# Exercise:
Leave out the pictures and return every entry exactly as it appears.

Dataset entries:
======

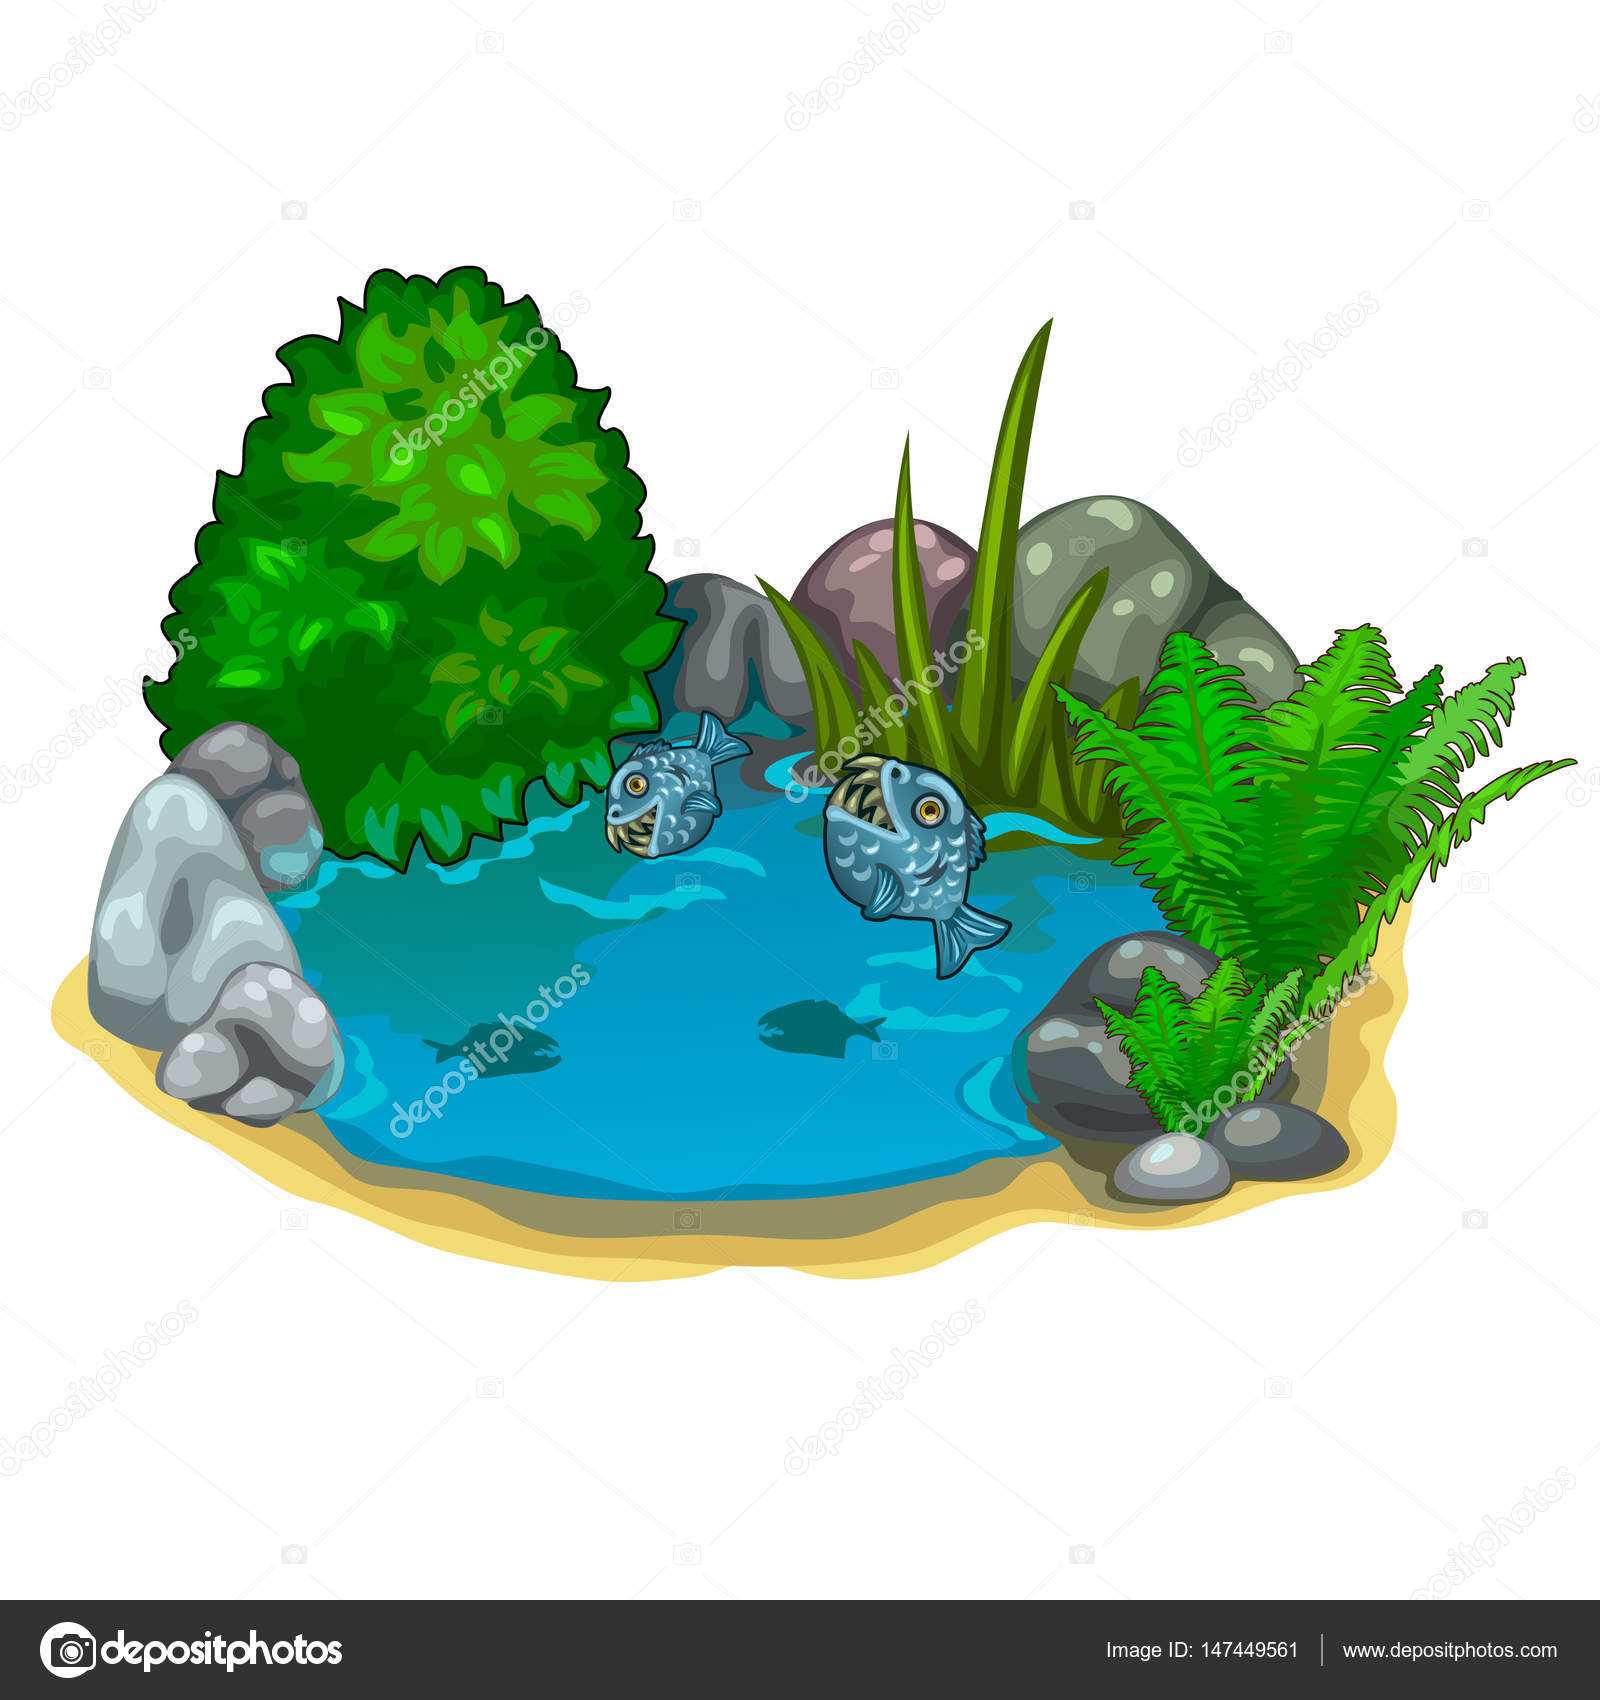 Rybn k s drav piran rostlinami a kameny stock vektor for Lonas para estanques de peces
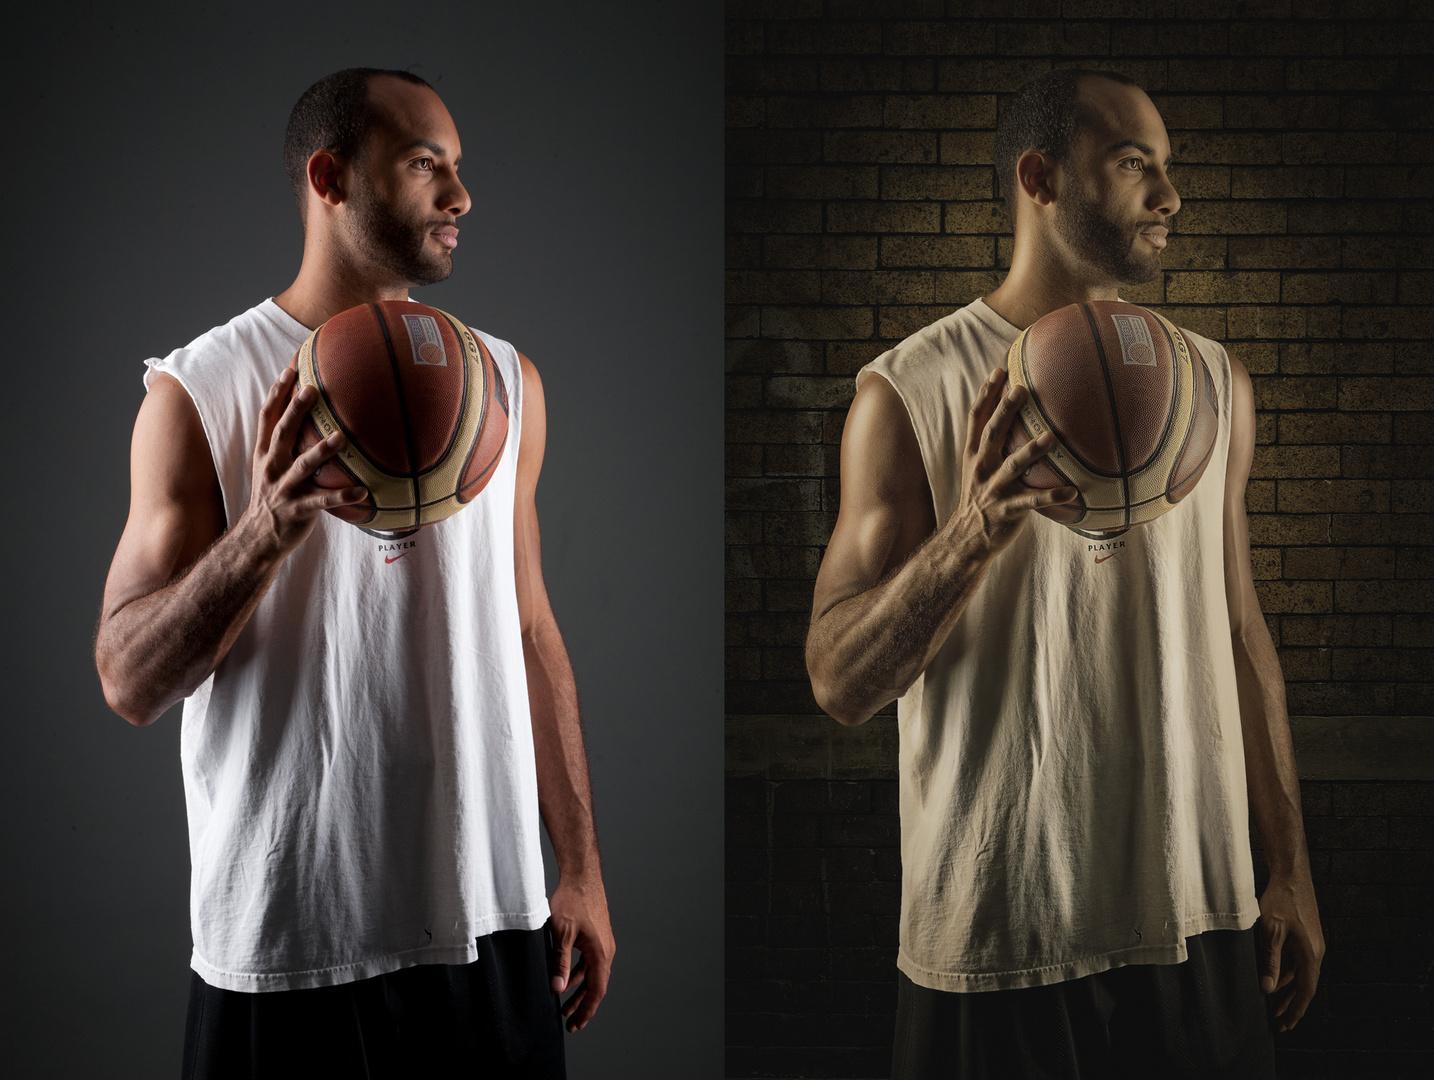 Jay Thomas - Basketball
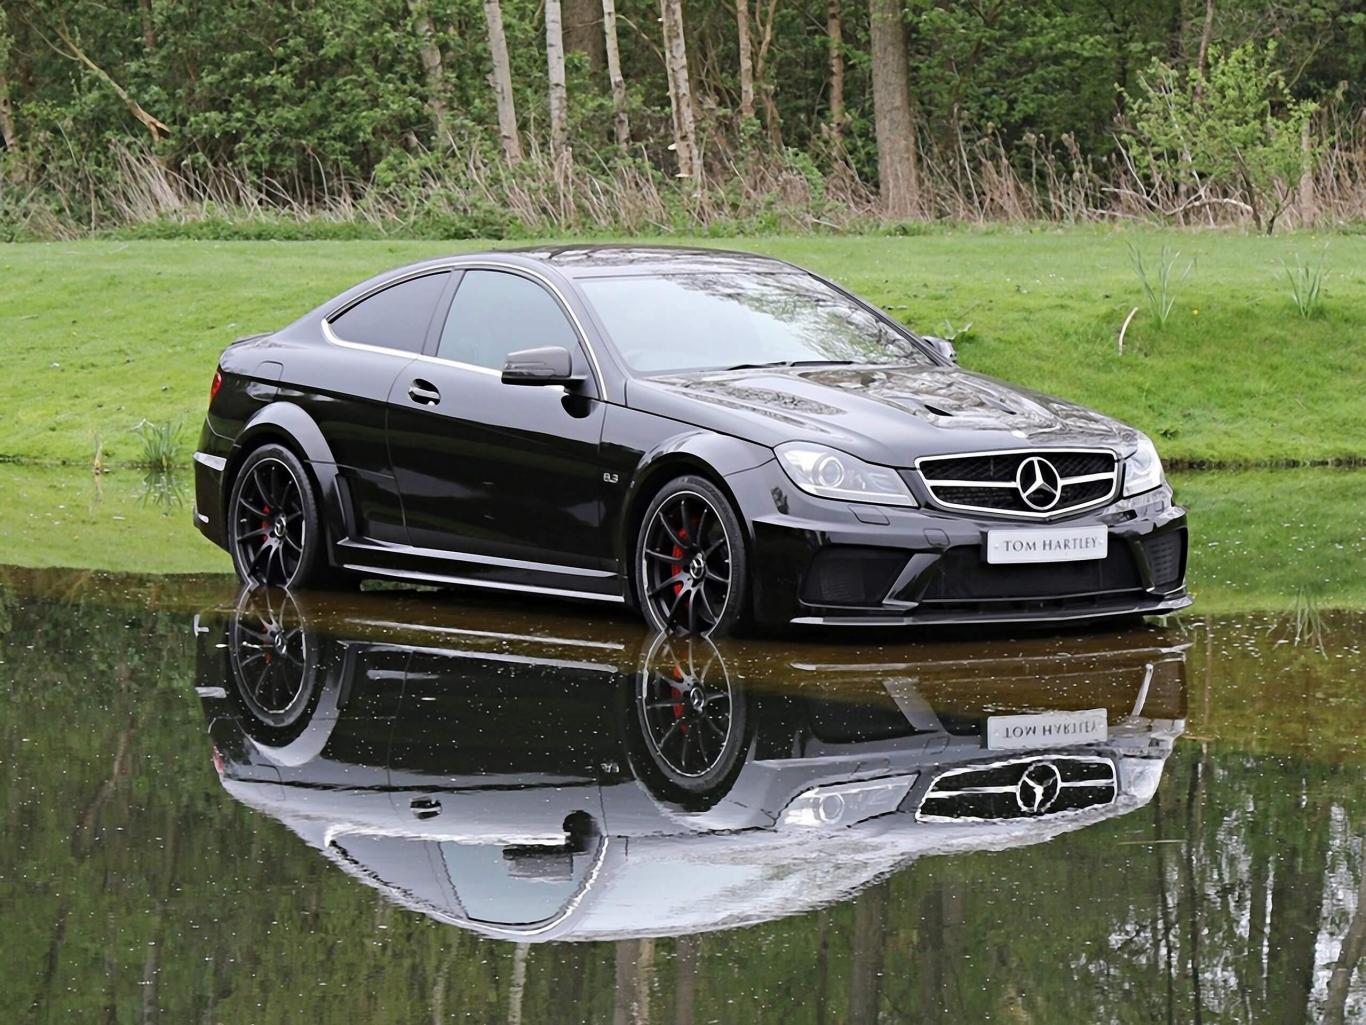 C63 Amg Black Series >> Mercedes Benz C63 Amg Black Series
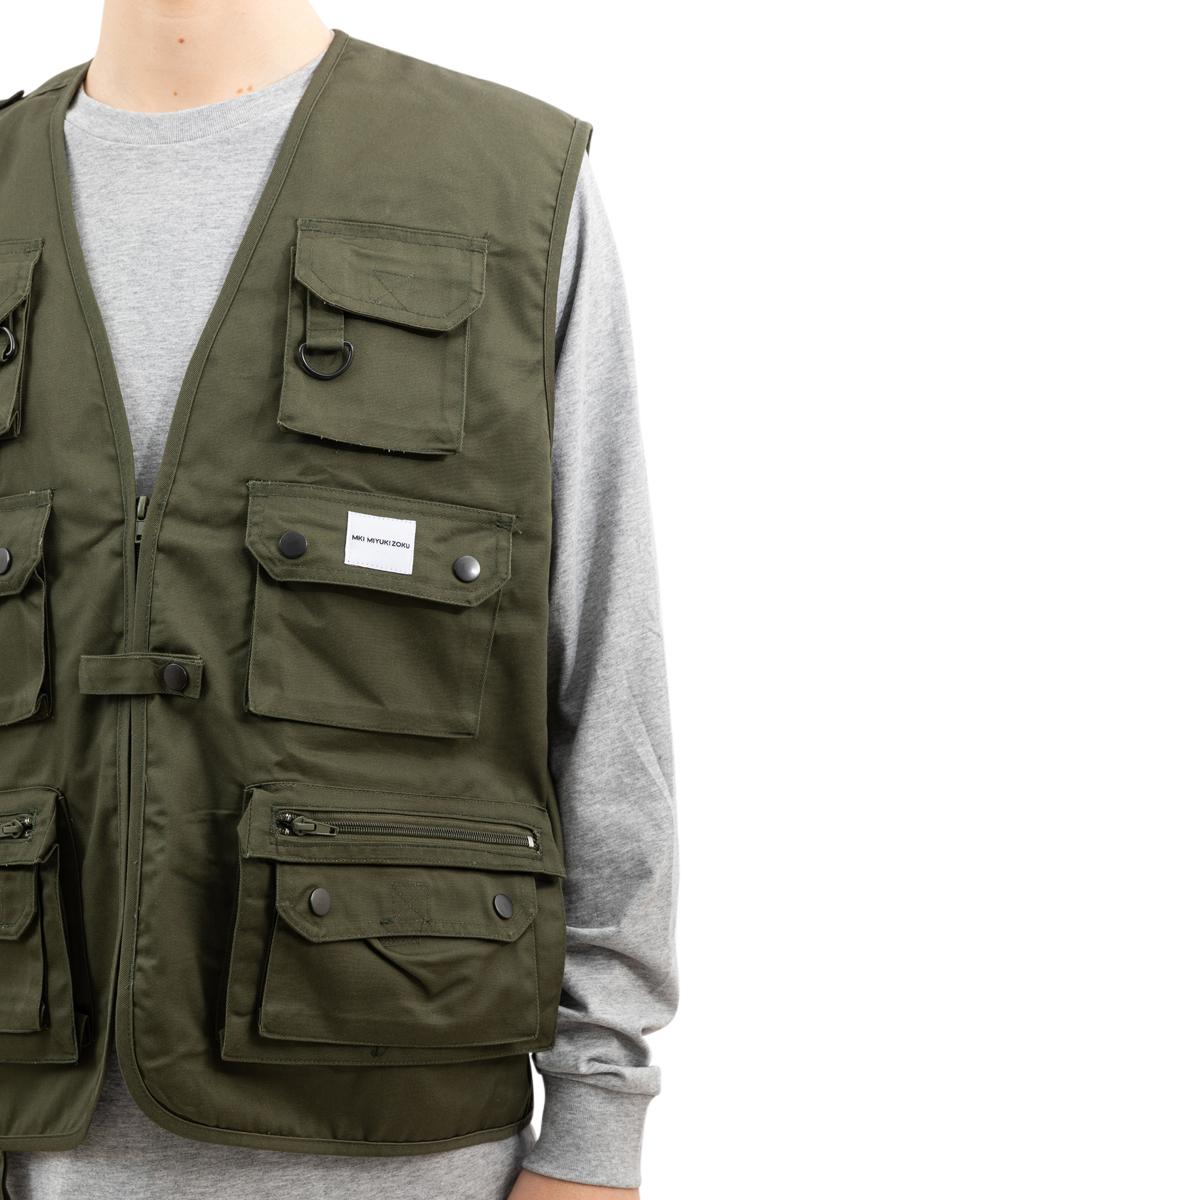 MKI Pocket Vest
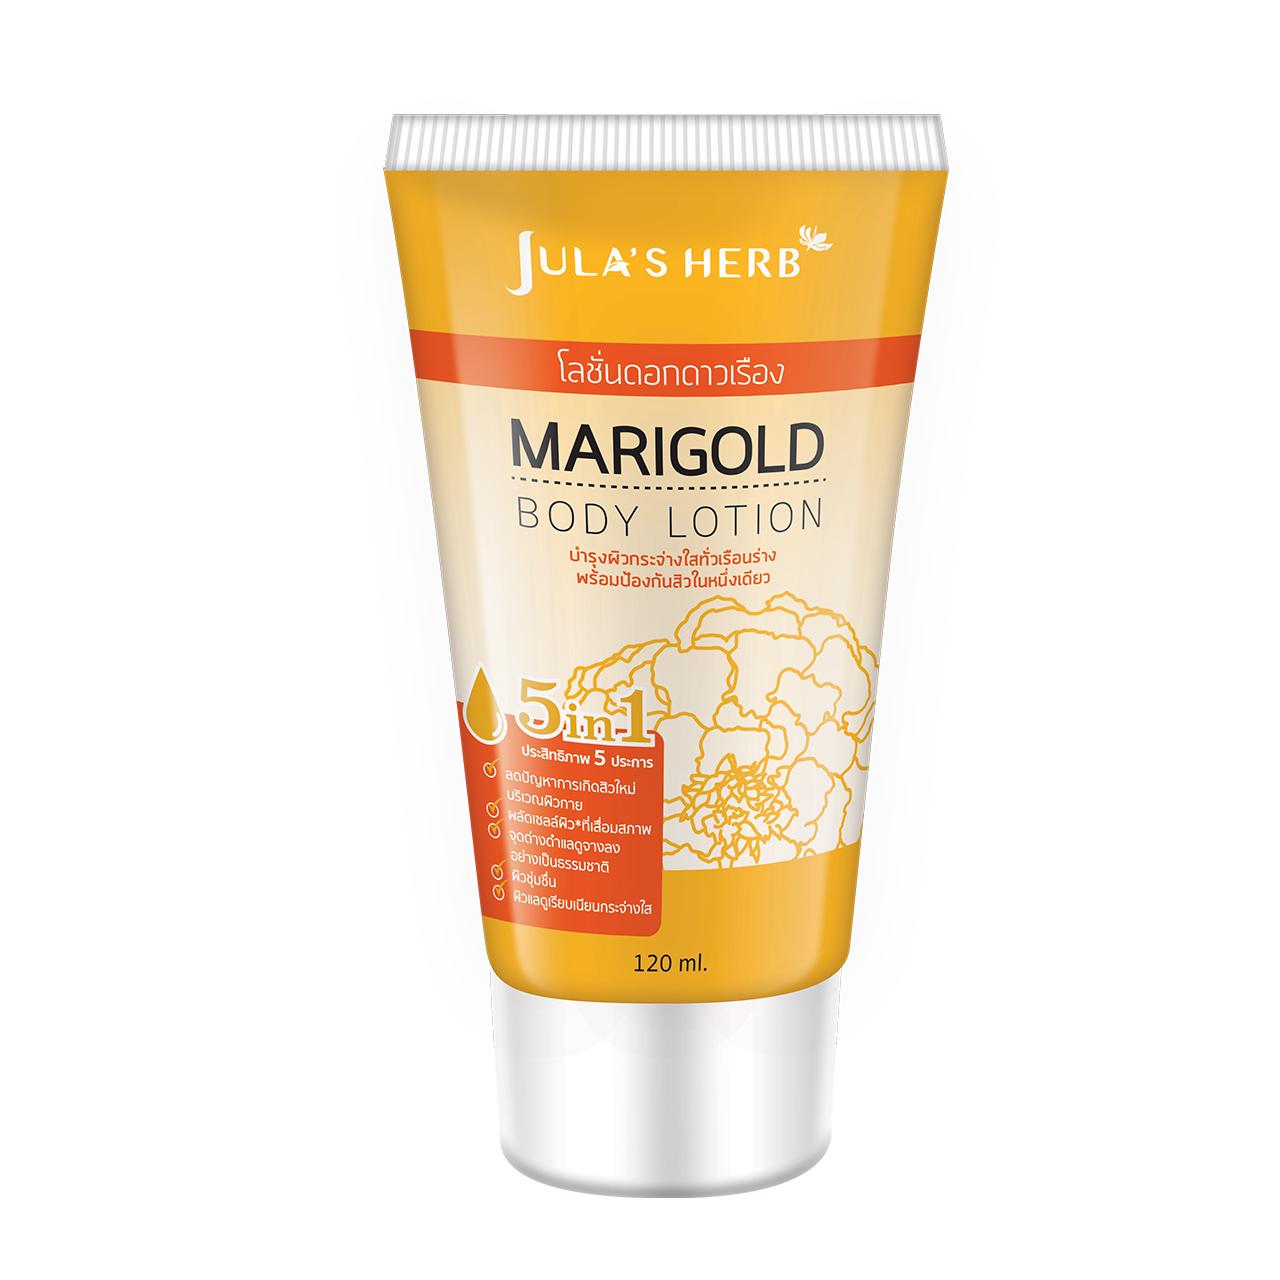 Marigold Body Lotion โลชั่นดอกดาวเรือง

======

# Output of the task:
 Rybn k s drav piran rostlinami a kameny stock vektor for Lonas para estanques de peces
 Jay Thomas - Basketball
 C63 Amg Black Series >> Mercedes Benz C63 Amg Black Series
 MKI Pocket Vest
 Marigold Body Lotion โลชั่นดอกดาวเรือง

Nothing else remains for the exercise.